Description
A large multi-threaded .NET application crashes with SIGSEGV inside the CLR Garbage Collector's mark/plan phase on .NET 10.0.3. The crash is 100% reproducible — two independent crashes hit the exact same instruction at offset 0x57d680 in libcoreclr.so (symbol14311 + 0xAF0). The same application binary, built targeting net9.0, runs stably on the .NET 9 runtime (13,700+ CPU-minutes of uptime, zero crashes) but consistently crashes within ~1 minute on .NET 10.0.3 via roll-forward.
Runtime: 10.0.326.7603, commit c2435c3e0f46de784341ac3ed62863ce77e117b4
Crash mechanism
A GC worker thread traverses the managed heap during the mark/plan phase and encounters a null/corrupt object reference in a heap slot:
57d679: 48 8b 03 mov (%rbx),%rax ; Load object ref from GC heap slot
57d67c: 48 83 e0 f8 and $0xfffffffffffffff8,%rax ; Clear GC mark/pin bits (low 3 bits)
57d680: 8b 48 04 mov 0x4(%rax),%ecx ; CRASH: rax=0 → reads address 0x4 → SIGSEGV
57d683: 83 38 00 cmpl $0x0,(%rax) ; Would check if object is free
57d686: 78 73 js 57d6fb ; Jump if free object (sign bit)
Register dump at crash point (crash 1, captured directly via LLDB):
rax = 0x0000000000000000 ← NULL after AND ~7 (the heap slot contained 0x0 or 0x1–0x7)
rbx = 0x00007882b594aa70 ← pointer to the GC heap slot
rip = 0x000078e09d37d680 libcoreclr.so`___lldb_unnamed_symbol14311 + 2800
The AND $~7 pattern clears the lowest 3 GC mark/pin bits.
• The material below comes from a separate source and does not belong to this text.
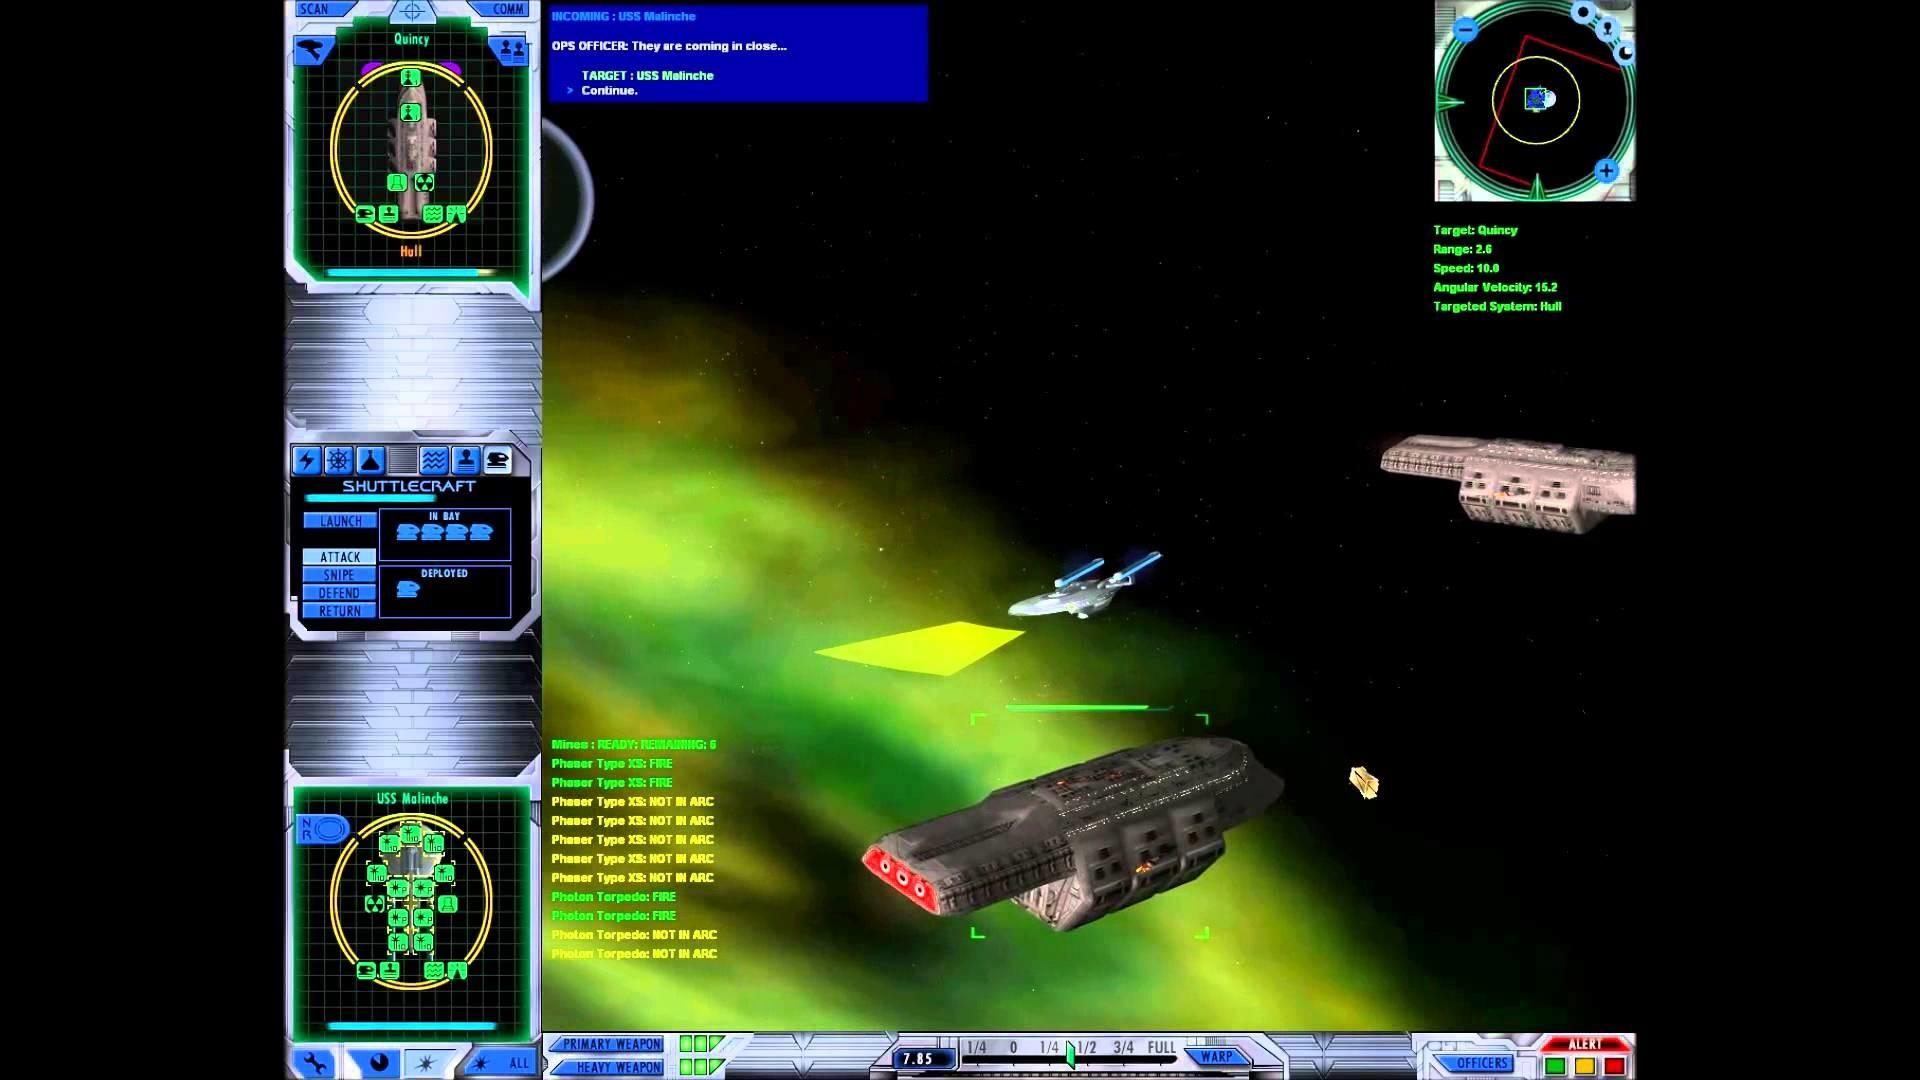 Starfleet Command Wallpaper (79+ images)

The result being zero means the slot value was 0x0–0x7 — an invalid/null object reference where a valid managed object pointer was expected. The function is likely gc_heap::mark_object_simple1 based on the bit-masking pattern and the call chain through GC mark/plan/worker functions.
Reproduction Steps
We cannot share the proprietary application, but here is a detailed characterization to help reproduce:
-
Application type: Long-running, real-time data processing console app with heavy network I/O (hundreds of WebSocket connections, HTTP clients). ASP.NET Core framework is referenced but no request pipeline is used.
-
Build: Compiled with .NET 9 SDK, targeting net9.0 TFM. Runs on .NET 10 runtime via RollForward=LatestMajor.
-
GC configuration (from runtimeconfig.json / Directory.Build.props):
{
"System.GC.Server": true,
"System.GC.DynamicAdaptationMode": 0,
"System.Runtime.TieredPGO": true
}
Server GC enabled, DATAS disabled, Dynamic PGO enabled.
-
Workload characteristics at crash time:
- Thread count: ~94 threads (crash 1), 1019 threads / 989 managed (crash 2)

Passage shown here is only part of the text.